Longitudinal metabolomics integrated with machine learning identifies novel biomarkers of gestational diabetes mellitus.

机构信息

School of Public Health (Shenzhen), Shenzhen Campus of Sun Yat-sen University, Shenzhen, Guangdong, China; School of Public Health (Shenzhen), Sun Yat-sen University, Guangzhou, Guangdong, China.

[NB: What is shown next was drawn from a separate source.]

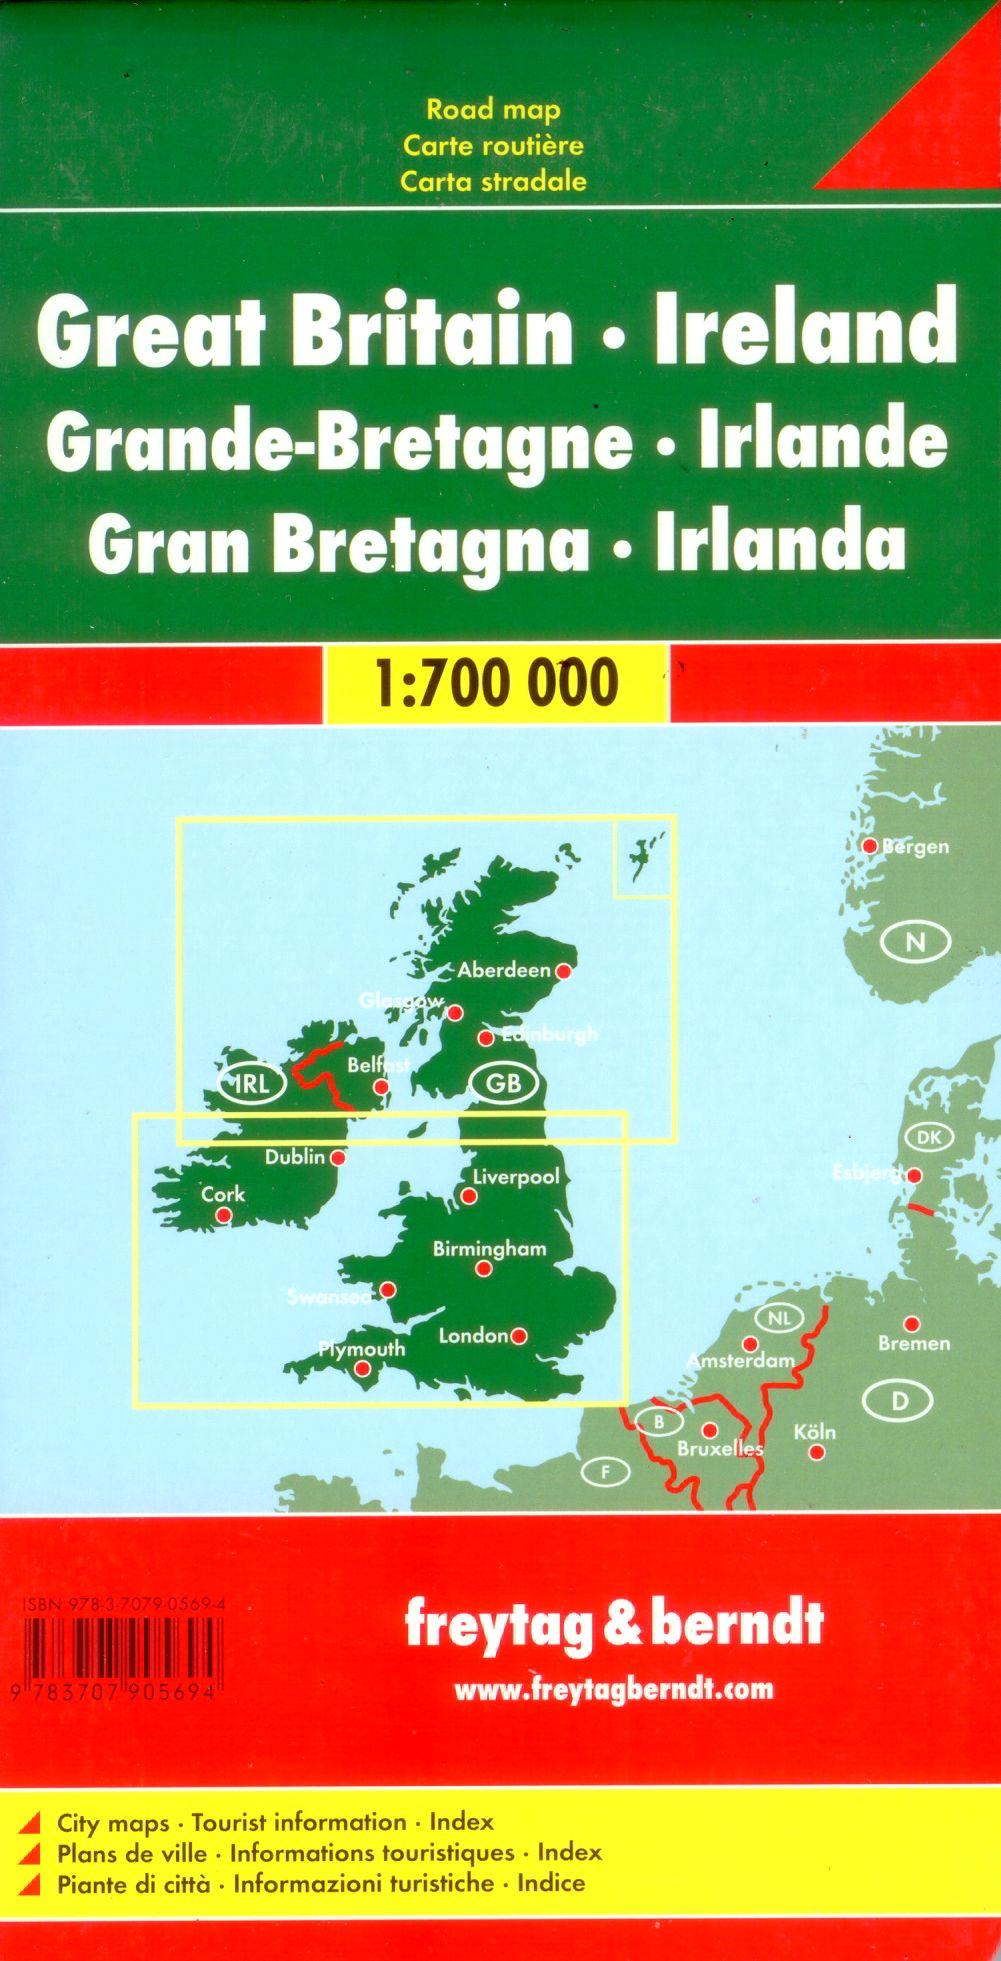 A Nagy-Britannia és Írország autótérkép által lefedett terület

Department of Endocrinology, Shanghai Fifth People's Hospital, Fudan University, Shanghai, China.

出版信息

Free Radic Biol Med. 2023 Nov 20;209(Pt 1):9-17. doi: 10.1016/j.freeradbiomed.2023.10.014. Epub 2023 Oct 6.

Abstract

BACKGROUND

Evidence from longitudinal studies is crucial to enhance our understanding of the role of metabolites in the progression of gestational diabetes mellitus (GDM). Herein, a longitudinal untargeted metabolomic study was conducted to reveal the metabolomic profiles and biomarkers associated with the progression of GDM, and characterize the changing patterns of metabolites.

METHODS

We collected serum samples at three trimesters from 30 patients with GDM and 30 healthy Chinese pregnant women with pre-pregnancy BMI, age, and parity matched, and untargeted metabolomic analysis was performed, followed by machine learning approaches that integrated bootstrap and LASSO. Cluster analysis was conducted to elucidate the patterns of metabolite changes. Pathway analyses were conducted to gain insights into the underlying pathways involved.

RESULTS

A total of 32 metabolites, mainly belonging to amino acid and its derivatives, were significantly associated with GDM across three trimesters, and were clustered into three distinct patterns. Metabolites belonging to phosphatidylcholines, lysophosphatidylcholines, lysophosphatidic acids, and lysophosphatidylethanolamines were consistently upregulated, and 2,3-Dihydroxypropyl dihydrogen phosphate was downregulated in GDM group. Amino acid-related, glycerophospholipid, and vitamin B6 metabolism were enriched in multiple trimesters. The levels of allantoic acid, which was positively correlated with blood glucose, was consistently higher in GDM patients and exhibited good discriminatory ability for GDM in the early and mid-pregnancy.

CONCLUSION

We identified and characterized distinct patterns of metabolites associated with GDM throughout pregnancy, and found that allantoic acid was a potential biomarker for early diagnosis of GDM.

摘要

背景

来自纵向研究的证据对于加深我们对代谢物在妊娠期糖尿病(GDM)进展中的作用的理解至关重要。在此,我们进行了一项纵向非靶向代谢组学研究,以揭示与 GDM 进展相关的代谢组学特征和生物标志物,并描述代谢物变化的模式。

方法

我们收集了 30 名 GDM 患者和 30 名具有匹配孕前 BMI、年龄和产次的健康中国孕妇在三个孕期的血清样本,并进行了非靶向代谢组学分析,然后采用集成 bootstrap 和 LASSO 的机器学习方法。我们进行聚类分析以阐明代谢物变化的模式。我们进行了途径分析以深入了解涉及的潜在途径。

结果

共有 32 种代谢物主要属于氨基酸及其衍生物,与整个孕期的 GDM 显著相关,并聚类为三个不同的模式。属于磷脂酰胆碱、溶血磷脂酰胆碱、溶血磷脂酸和溶血磷脂酰乙醇胺的代谢物持续上调,而 2,3-二羟丙基二氢磷酸在 GDM 组中下调。氨基酸相关、甘油磷脂和维生素 B6 代谢在多个孕期中都有富集。与血糖呈正相关的尿囊酸水平在 GDM 患者中一直较高,并且在孕早期和孕中期对 GDM 具有良好的鉴别能力。

结论

我们确定并描述了与整个孕期 GDM 相关的不同代谢物模式,发现尿囊酸是 GDM 早期诊断的潜在生物标志物。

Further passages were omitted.